The Herbert Hoover you didn't know
In late October of 1929, after years of rising to dizzying heights, the stock market collapsed, ushering in one of the longest and most painful chapters in American history.
Herbert Hoover had been president for less than a year. It was he who called it a "depression."
"Before that, they always called them panics; he liked the word depression," said Kenneth Whyte, author of a biography of Hoover. "I don't think he anticipated that it would be one that would be stuck with him the rest of his life."
And that's no exaggeration: Consider the 1977 Broadway musical "Annie," in which a chorus of slum-dwellers mockingly "thanks" the president:
We'd like to thank you, Herbert Hoover
For really showing us the way
We'd like to thank you, Herbert Hoover
You made us what we are today
Correspondent Mo Rocca asked, "Did the musical 'Annie' annoy you?"

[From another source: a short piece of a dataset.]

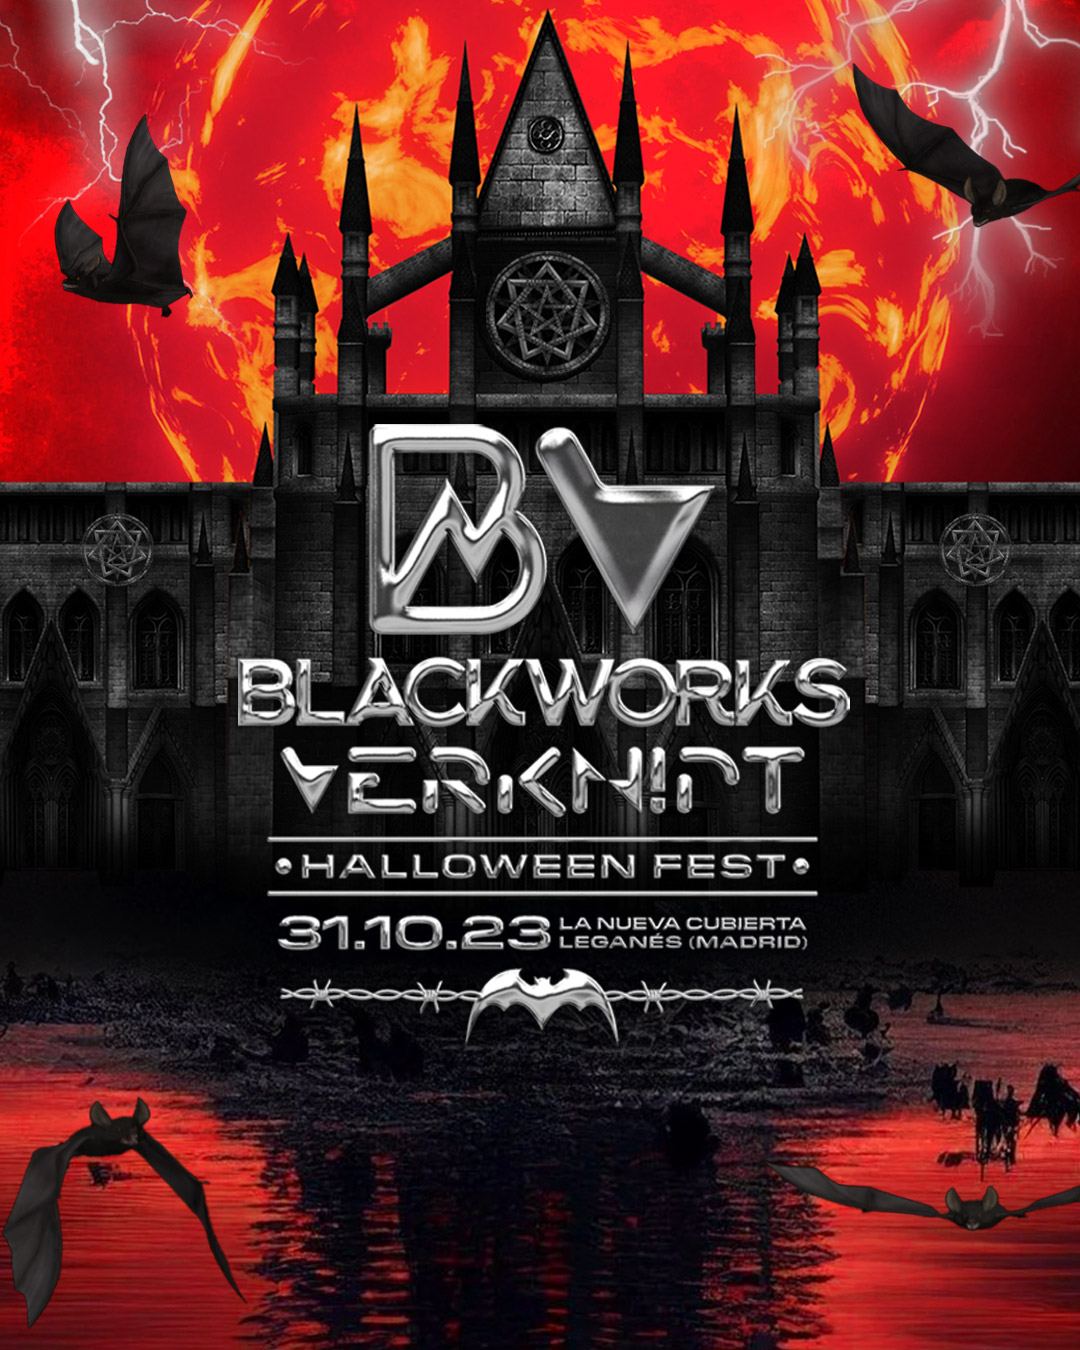 Blackworks x Verknipt Halloween Festival

"What it did, it stoked in me this, like, burning dissent, like, 'These people don't know the whole story!'" said Margaret Hoover, host of PBS' "Firing Line" and the great-granddaughter of the 31st president. "This man lived 90 years, and he is judged for four of them."
And that's a shame, since Hoover's life before entering the White House was quite simply remarkable. By the way, Margaret's choice to play Hoover in the movie? "Leonardo DiCaprio," she said.
Hoover, a Quaker, was born in 1874, of modest means, in the village of West Branch, Iowa. He, his parents and two siblings shared a tiny, two-room house. Park Ranger Adam Prato, at the Herbert Hoover National Historic Site, said, "His father died when Herbert was about six. And then his mother died a few years later, when he was nine"
The orphaned Bert, as he was known, was put on a train and sent 2,000 miles west, to live with his uncle's family in Newberg, Oregon.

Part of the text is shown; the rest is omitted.